After you understand the status quo, it is now time to create a vision statement. Being customer-centric means building the strategy and every department involved around the customers. Thereby, the better you understand your customers, the easier it will be to define the vision and steer the entire team towards it. When you see the personas in front of you, it will be much easier to define a strategy that fits the customer’s requirements.

Creating the mission statement

The mission statement will give the overall guidance on how to achieve the vision. Identifying the pain points, emotions, Go-tos of the personas will help you to do so. Think about what needs to be done to sell your vision to different customers.

Analyzing Core Competencies

Re-examining the core competencies of your team and mapping them with your client personas can be extremely useful. By mapping these two, you can identify areas that need extra attention and further development. You might realize that particular customer service’s core competencies are missing to please specific customers.

By looking at your competitor personas, you can uncover that specific product attributes are missing, and your product development team lacks the competencies to develop them. Summing up, the personas help to prioritize missing competencies or enhancing those that already exist and are of high value for your clients

Depending on the depth of the analysis, this might be a pretty lengthy process. Conducting market research and analysis, customer reviews and surveys, financial projections, etc., are essential to a successful SWOT analysis.

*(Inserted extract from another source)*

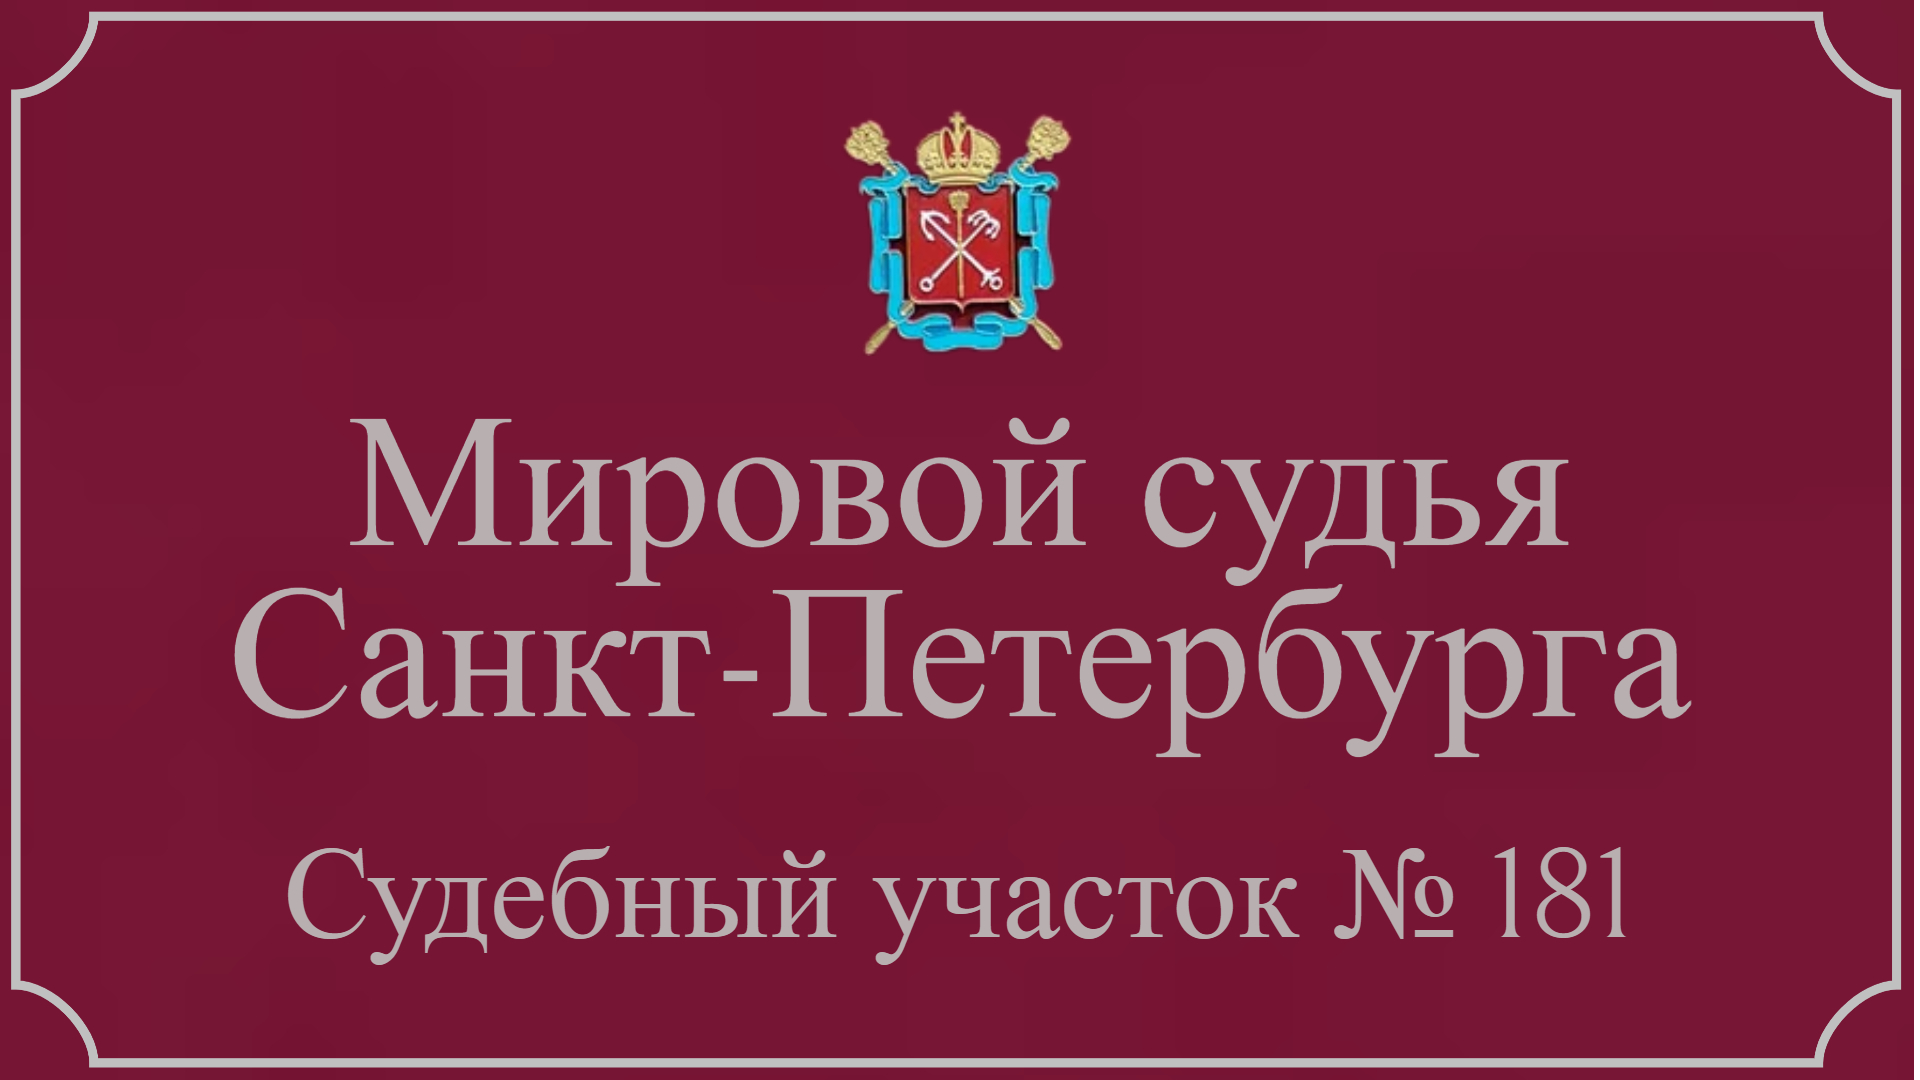 Информация по 181 судебному участку в Санкт-Петербурге.

Using personas as a source of information in this process is growingly common. Mapping strengths and weaknesses (internally), as well as opportunities and threats (external) with your client personas, make the analysis more tangible.

Identifying and Solving Strategic Issues

Once you have identified the core competencies, created the SWOT analysis, and mapped both with your personas, you will define and communicate the strategic issues combined with a clear set of goals. Here a quick example - how would you compare the following plans.

We need to improve our customer service to increase our customer lifetime value.


To increase our persona X’s customer lifetime value, we need to improve our technical email support. It will enhance the trust and avoid anger towards our service, which seems to be a significant trigger to cancel our service for persona X.

Creating clear defined goals for the different personas will save you money and help the various teams better allocate the resources.